# [GIVEN INFORMATION]
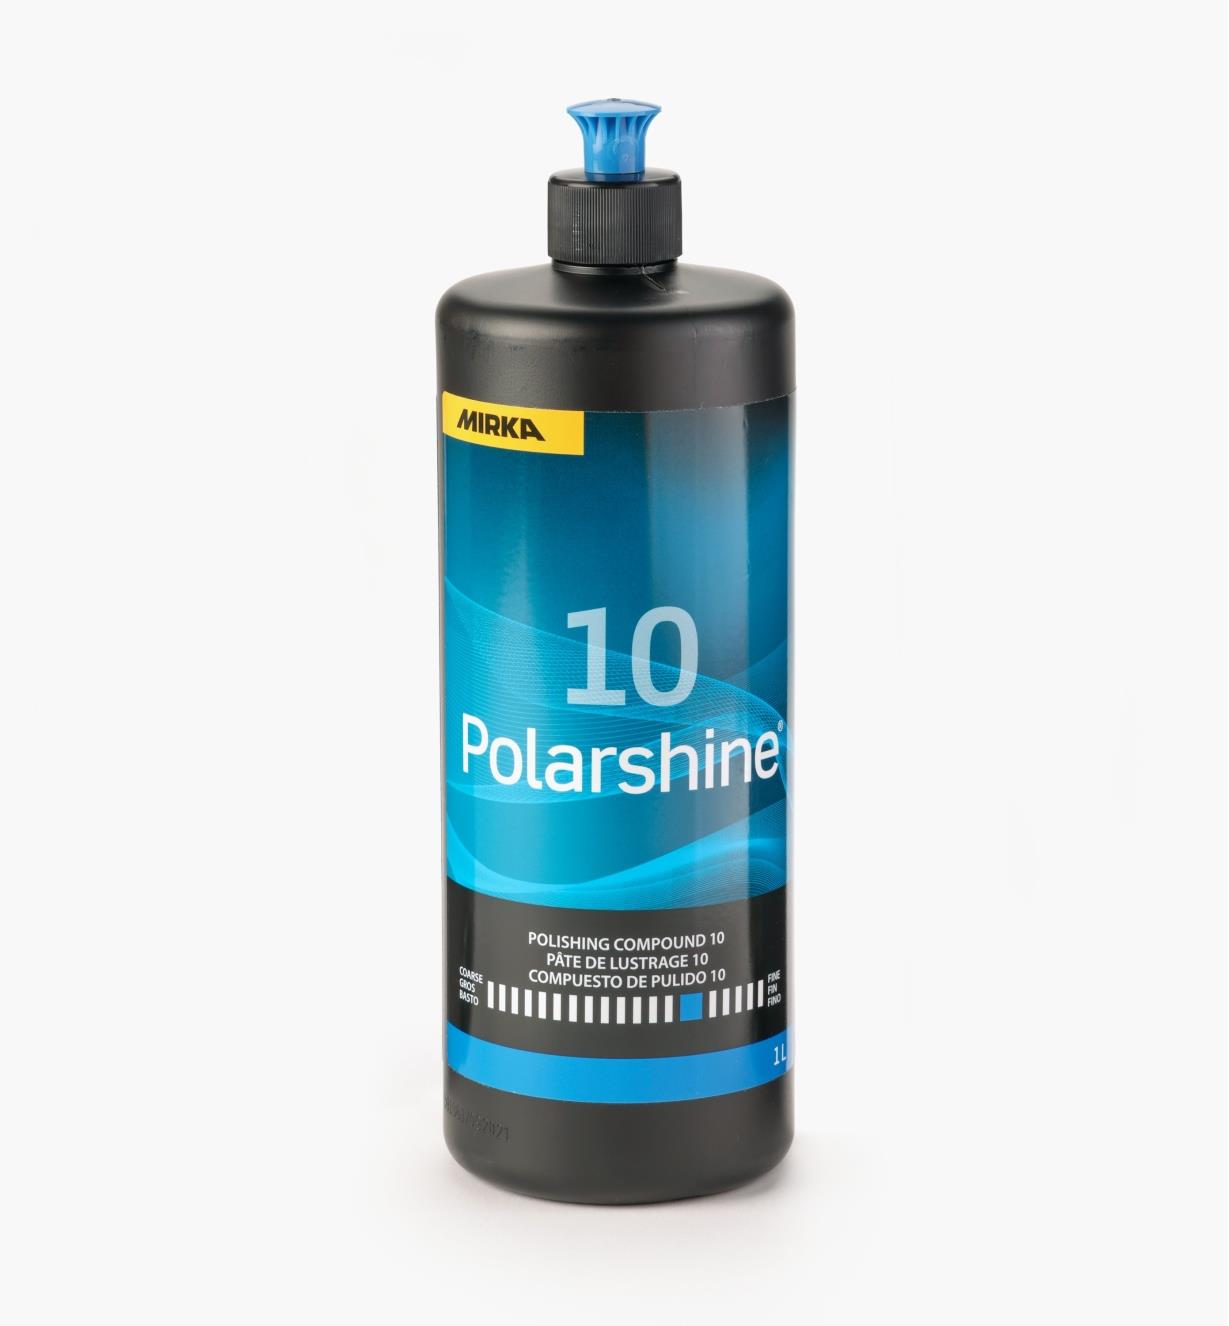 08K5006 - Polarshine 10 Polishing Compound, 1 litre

==

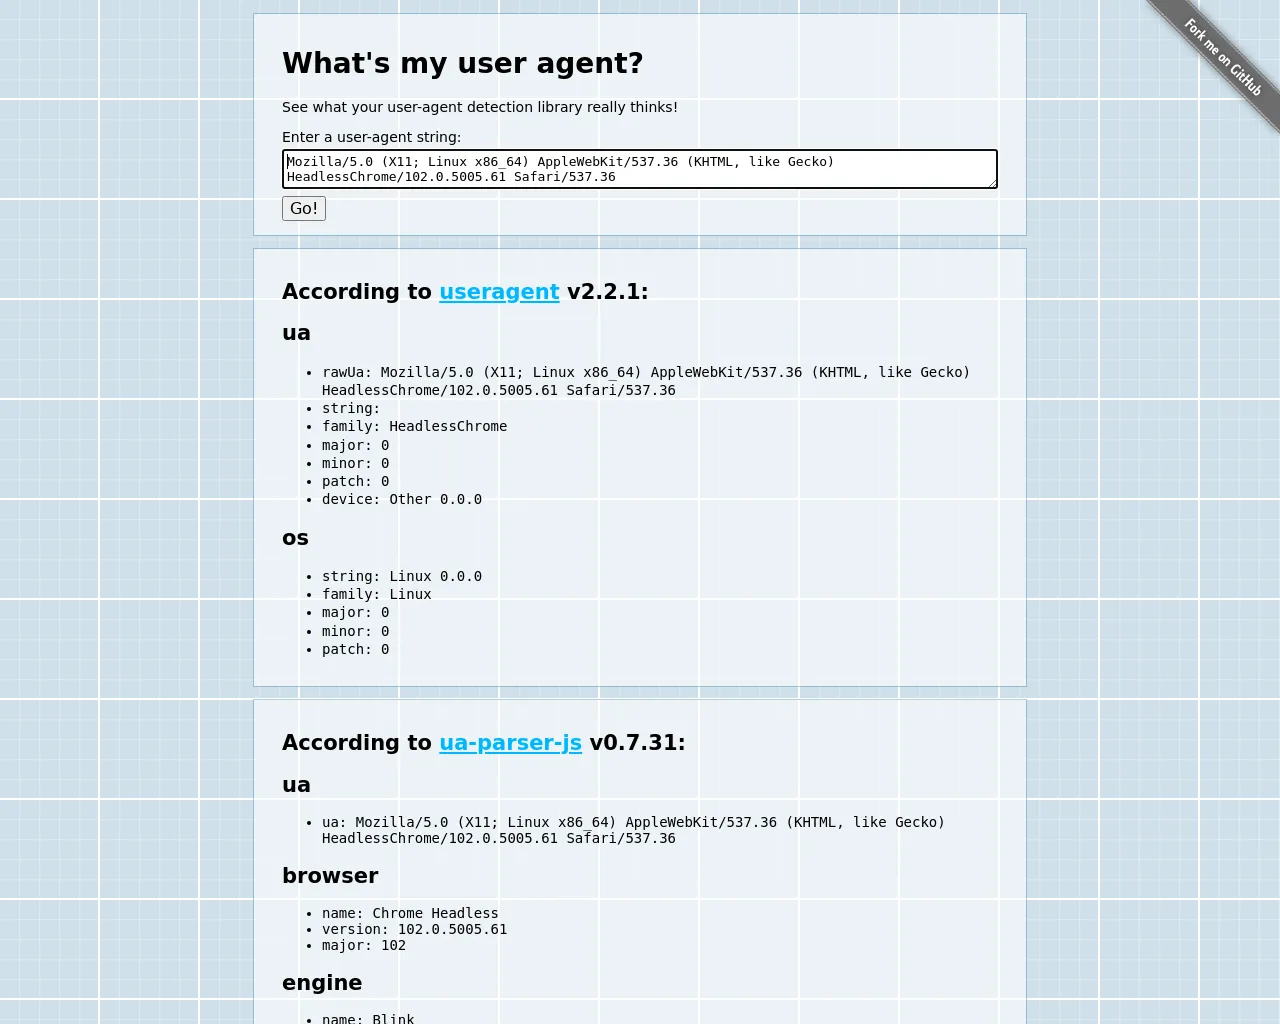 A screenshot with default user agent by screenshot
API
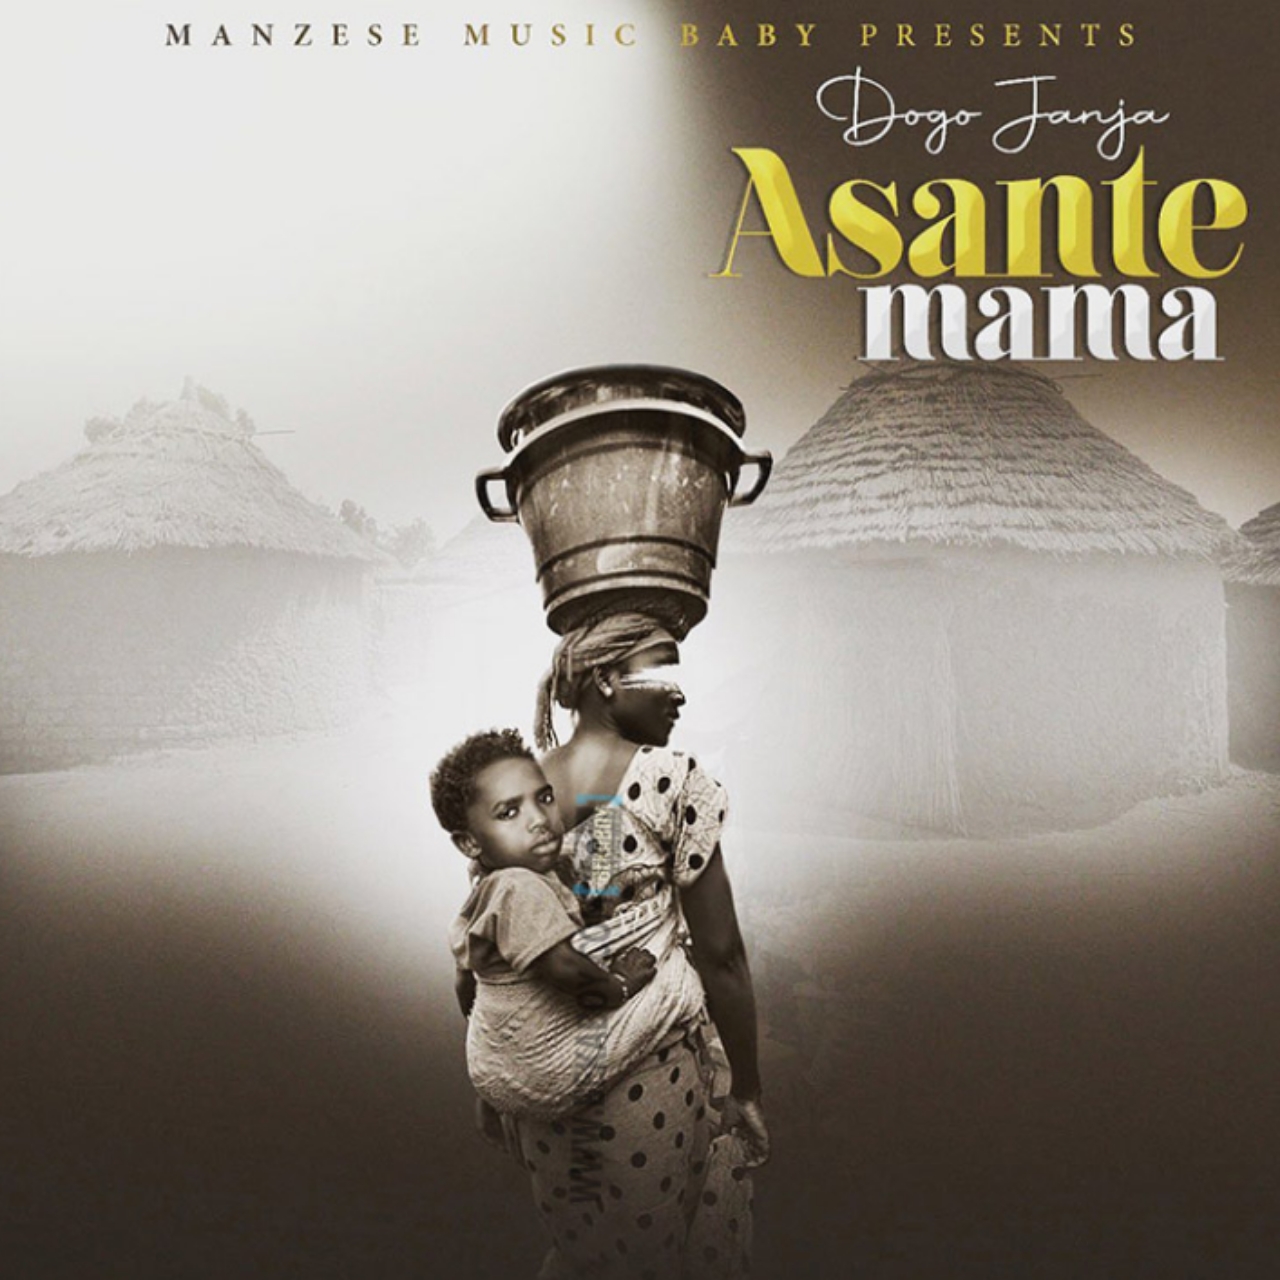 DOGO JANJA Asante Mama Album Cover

# [PROBLEM STATEMENT]
Every line above from the one with "A screenshot with" down to the one with "DOGO JANJA Asante Mama Album Cover" must be written out exactly, and no picture may appear.

# [WRITTEN SOLUTION]
 A screenshot with default user agent by screenshot
API
 DOGO JANJA Asante Mama Album Cover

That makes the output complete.